Cristo, o Senhor da Igreja, triunfou na cruz de Gólgota para que pudéssemos obter a redenção e o perdão de nossos pecados. O seu sacrifício inaudito foi decisivo para que todos os homens que creem em seu precioso nome possam ter esperança e viver uma vida de bençãos incomensuráveis. Jesus disse: 

“O ladrão não vem senão a roubar, a matar, e a destruir; eu vim para que tenham vida, e a tenham com abundância” (João 10.10). 

A vida prometida por Jesus aos seus discípulos e a todos os que cressem nele ao longo dos séculos é algo que está na casa do extraordinário.
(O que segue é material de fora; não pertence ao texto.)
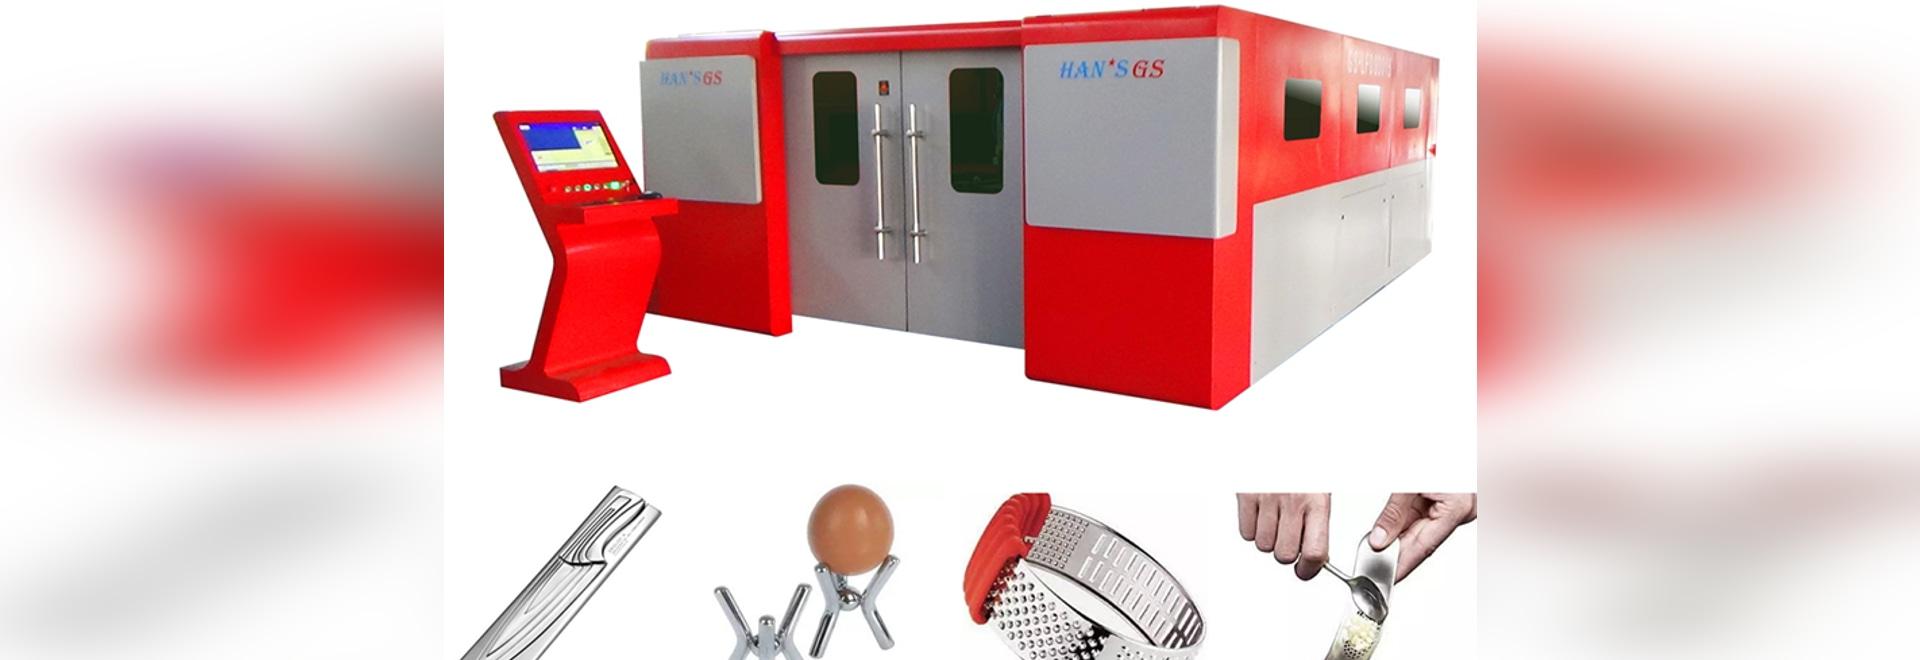 2 Jahre Faserlaser-Trennschneider Garantie HANS GS sind in der Küchengeschirrindustrie weitverbreitet

A frase empregada pelo escritor neotestamentário é uma expressão grega que tem o significado de excedente, superabundante. Quem serve a Jesus recebe uma superabundante oferta de vida que transcende a comezinha e fútil vida dos homens neste mundo, porque ela não é somente uma oferta de vida, mas uma oferta da própria fonte da vida habitando no interior do crente através do Espírito Santo.  Jesus asseverou:

Aquele que crê em mim, como diz a Escritura, do seu interior fluirão rios de água viva. ” (João 7.38).  
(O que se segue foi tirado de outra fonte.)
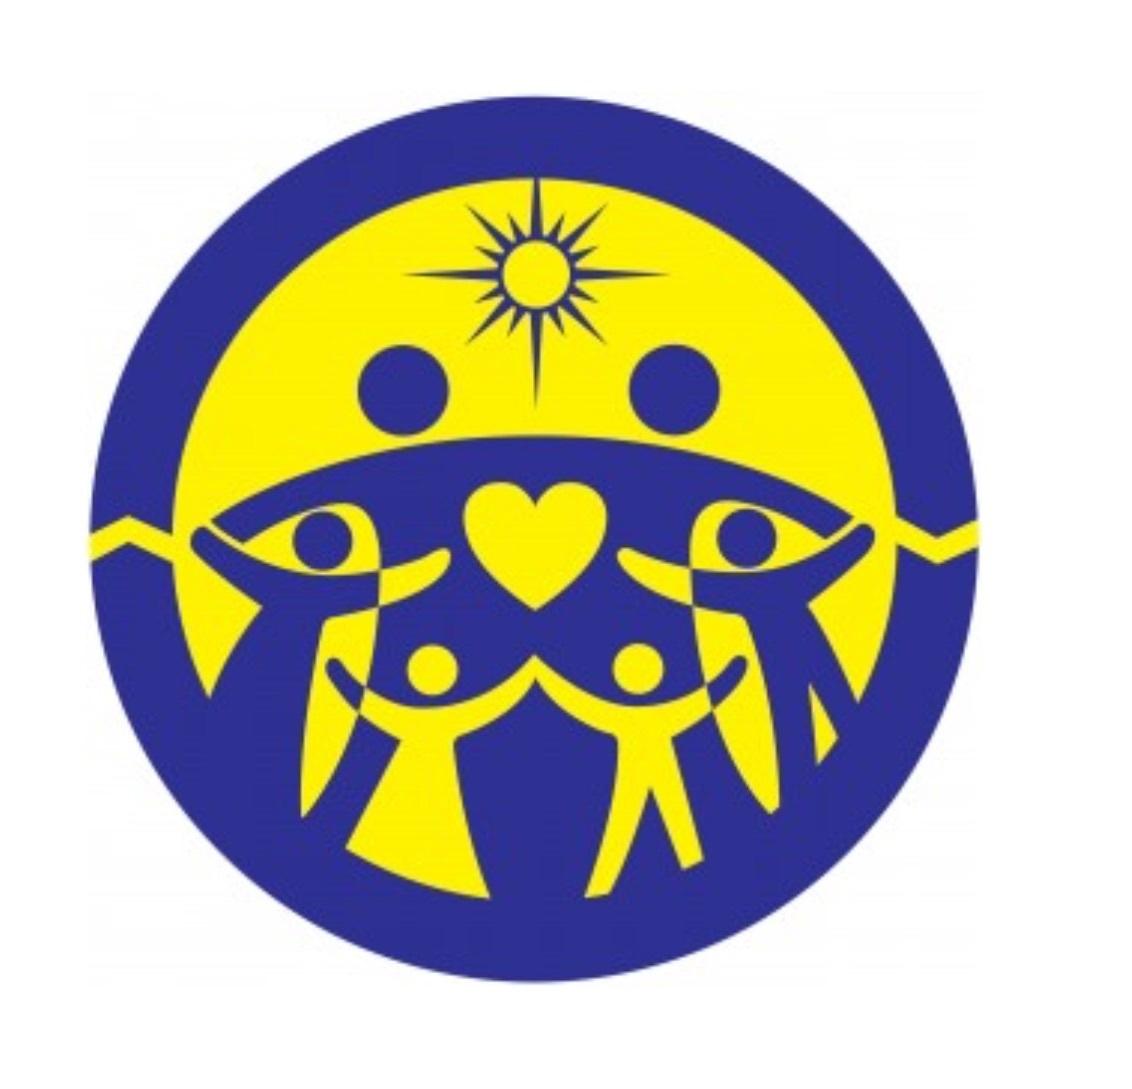 統一 家庭 平和 連合 世界

Em seu Comentário Bíblico do Novo Testamento, Willian Barclay, conta-nos a história de um soldado romano que foi até a presença de Júlio César pedir permissão para que se suicidasse. O soldado é descrito como uma criatura “desgraçada”, “triste”, “desanimada” e sem o “menor vigor”.  César olhando para homem perguntou: “Alguma vez esteve vivo? ”
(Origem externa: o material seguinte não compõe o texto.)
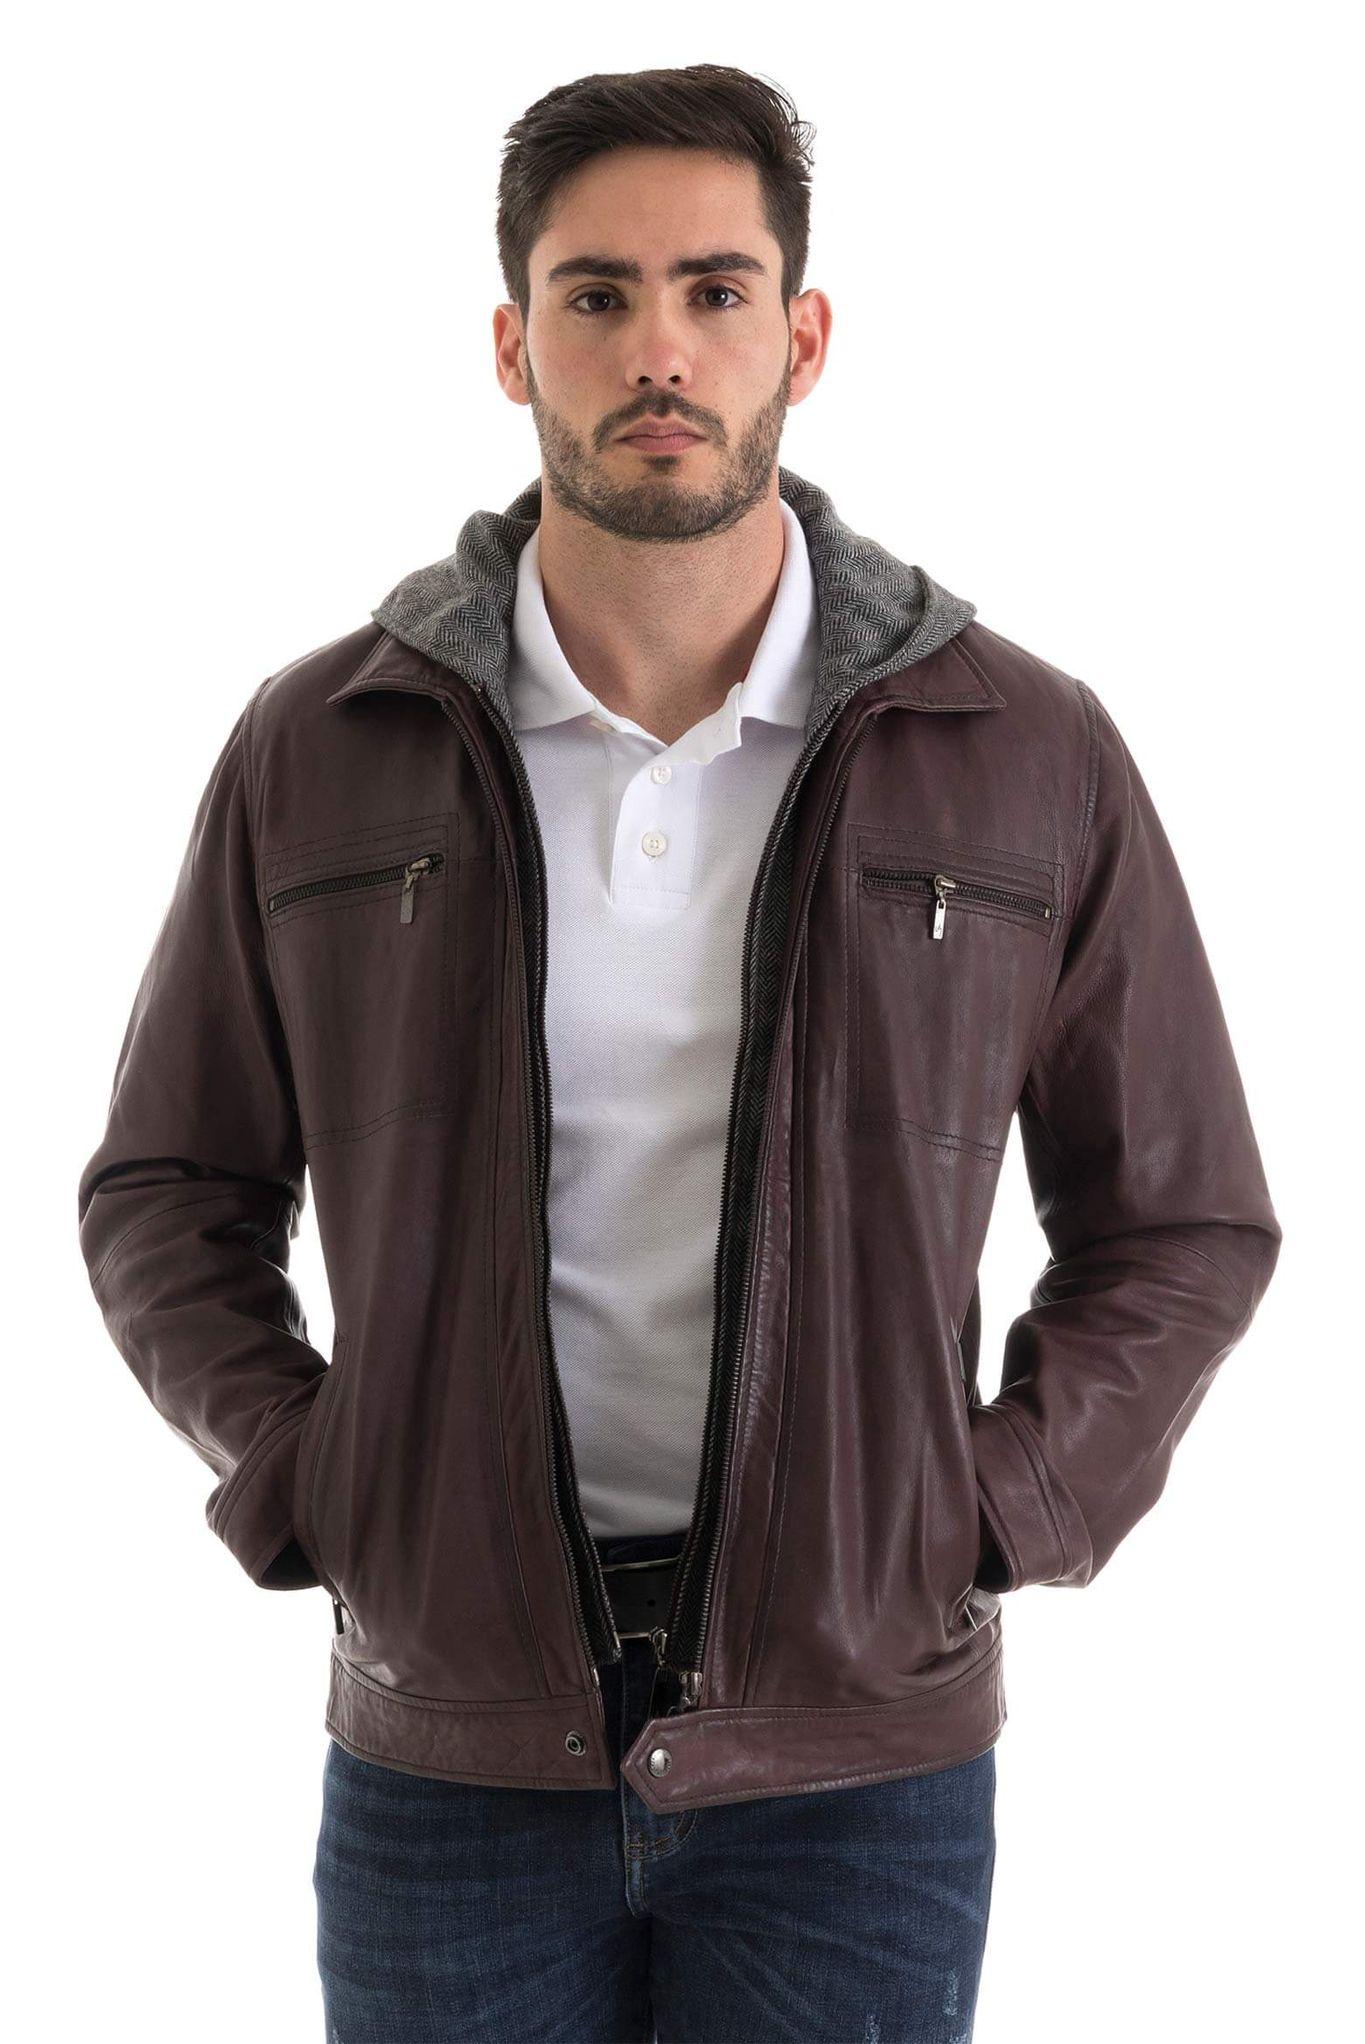 Compra barato hombres de la chaqueta de cuero online al

Esta história serve-nos de ilustração acerca de nossas próprias vidas antes de conhecermos ao Senhor da vida, completamente sem sentido e significados autênticos. Muitos de nós éramos vazios e sem quaisquer perspectivas no tocante ao futuro, até o momento em que levantamos as nossas mãos cansadas e recebemos a Graça Redentora de Cristo em nossos corações. A partir deste momento, passamos a emitir o fulgor dos céus. Se dantes vivíamos sem paz e sem Deus no mundo, agora somos concidadãos dos santos e membros da família de Deus. Vejamos o que Paulo declara em Efésios:

 “Portanto, lembrai-vos de que, anteriormente, éreis gentios por natureza, chamados incircuncisão pelos que se chamam Circuncisão, feita no corpo por mãos humanas; estáveis naquela época sem Cristo, separados da comunidade de Israel, estranhos às alianças da Promessa, sem esperança e sem Deus no mundo. Todavia, agora, em Cristo Jesus, vós que antes estáveis distantes, fostes aproximados mediante o sangue de Cristo” (Efésios 2.11-13). 

Paulo mais à frente acrescenta: 

Portanto, não sois mais estrangeiros, nem imigrantes; pelo contrário, sois concidadãos dos santos e membros da família de Deus” (Efésios 2.19).


A vida em Cristo é o divisor de águas em nossas vidas pois nos permitir experimentar uma liberdade total da culpa e do peso de nossos fardos pecaminosos os quais afligiam as nossas almas. Uma vez lançando-os sobre cruz, obtivemos justificação pelos méritos de Cristo, alcançando redenção e uma paz que excede a todo o entendimento (Filipenses 4.7). 

Por este motivo, a obscuridade que dantes pairava sobre nós é expulsa pela radiante luz de Deus que passa a irradiar vida para nós e por nós a outras pessoas. O que eram trevas transmudou-se numa nova realidade iluminada de bençãos indizíveis.  Barclay complementa: “Quando tratamos de viver nossa própria vida, é-nos um pouco aborrecida, escura. Quando caminhamos junto a Jesus, quando reconhecemos sua presença em nossas vidas, estas se enchem de uma nova vitalidade, de uma superabundância de vida. Só quando vivemos com Cristo, a vida se converte em algo que vale a pena viver e começar a vivê-la em todo o sentido do termo”.